Community-Test (oct6) Offline

joshuef · October 6, 2021, 3:43pm

With the testnet tool, you should be able to run ./scripts/logs to download all logs from all nodes you have created

To get more folk joining faster, you may want the intial nodes to be built w/ less storage space, or perhaps even the node bins built with always-joinable flag

Josh · October 6, 2021, 3:47pm

I’m not using AWS so when I try that it does not work. (I suspect that’s why?)
I do have an aws s3 bucket set up but that is a convo and help I’ll need in the other thread I guess.

Just ran in to restart, I am busy remodeling my workspace/shed/office but am more than happy to continue working out the kinks.

joshuef · October 6, 2021, 3:49pm

Ahh, yeh that’s fair.

Probs those scripts could/should be updated to run without the need for syncing to/from s3. Opt out at the very least.

Keep up the good work (on sheds+testnets!)

joshuef · October 6, 2021, 3:55pm

large files are probably still problematic.

At the moment the blob cache is removed so we can more readily see underlying issues, and we’re working on those and without this, it only takes one chunk fail to break your large file retrieval…

eg, at the mo there’s still more AE retries for PUTs than you’d want… Which means a chunk can sometimes fail to be put during the span of our tests.

And right now we still dont verify PUT data as part of the CLI funcs, so until you’re able to retrieve the file, you cannot really assume that it’s all stored properly I’m afraid.

That shouldn’t be much to verify + retry for missing chunks eg. But it’s another thing on the list basically! So until that’s it, you should retry your PUTs if your GETs fail.

Vort · October 6, 2021, 3:58pm

I did not measured, but between cat activity stopped and error appeared, about 1 hour of time passed.
Retries under these circumstances may be problematic.

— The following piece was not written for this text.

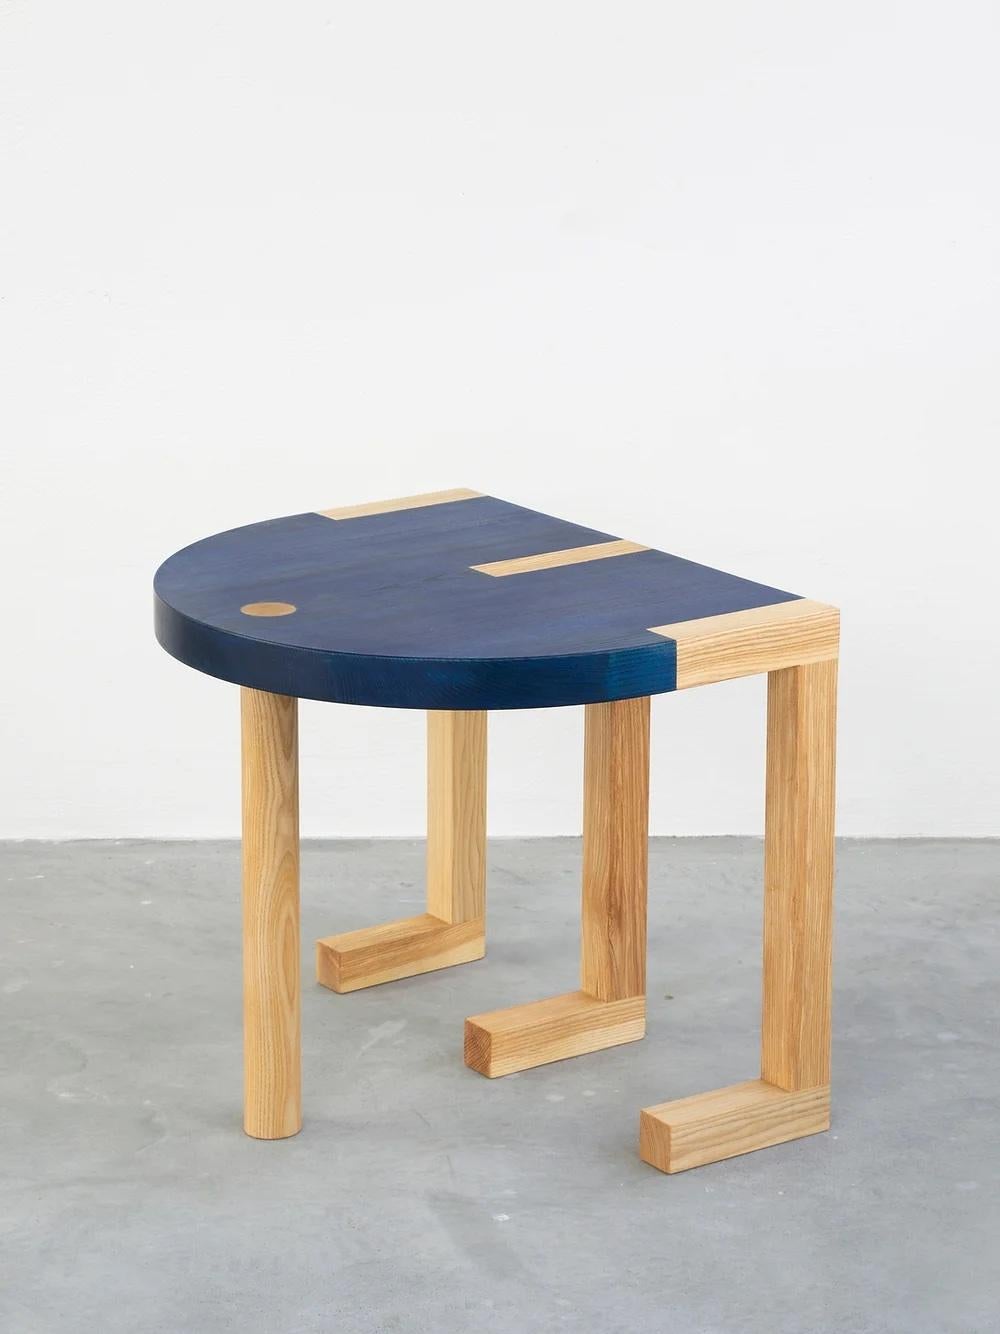 Organic Modern Contemporary Side Table 'TRN 3' by Pani Jurek, Black & Natural wood, Ash Wood For Sale

joshuef · October 6, 2021, 4:29pm

Josh:

I am getting a bunch of these on the genesis log

{"timestamp":"Oct 06 14:05:13.814","level":"ERROR","fields":{"message":"some error: TimedOut"},"target":"qp2p::endpoint","threadName":"tokio-runtime-worker"}

these (not so helpful errors; which i think will be refactored out of qp2p in the not too distant future), are just saying that some connection timed out.

That can happen if eg, a client or node disconnected in a less than graceful fashion (ie the process was force quit).

So not something to worry about per se. (Though if they can be tied to a specific instance of a node/client and buggy behaviour there, it’s good to know… but that’ll likely be hard on an open testnet)

Josh · October 6, 2021, 4:50pm

Solved if I SSH in yes but not if I use their browser console. seems odd so I’ll put that down to user error too.

Southside · October 6, 2021, 5:04pm

I’m getting timeouts now - using the exact same command as worked previously

Vort · October 6, 2021, 5:11pm

May not be related to large files then.

Josh · October 6, 2021, 5:23pm

me too 12345char

happybeing · October 6, 2021, 5:26pm

I can’t connect. Am using the updated command from the OP:

RUST_LOG=info $HOME/.safe/node/sn_node --hard-coded-contacts '["178.62.57.96:12000"]' --genesis-key 8a551b912e8f08ce6a6440b324d1b0e42e304957cd01642ba628138c63e89242a03412460639774ac5c6cbcad0c08edb --local-addr 165.227.228.183:0 --skip-igd
Starting logging to stdout
Oct 06 19:23:53.322  INFO sn_node: 

Running safe_network v0.32.0
============================
Oct 06 19:23:53.325  INFO safe_network::routing::routing_api: 3219b9.. Bootstrapping a new node.
Error: 
   0: Cannot start node. If this is the first node on the network pass the local address to be used using --first
   1: Routing error:: Cannot connect to the endpoint: Failed to bind UDP socket
   2: Cannot connect to the endpoint: Failed to bind UDP socket
   3: Failed to bind UDP socket
   4: Address not available (os error 99)

Location:
   src/bin/sn_node.rs:201

joshuef · October 6, 2021, 5:26pm

I didn’t mean to imply large files == timeouts before.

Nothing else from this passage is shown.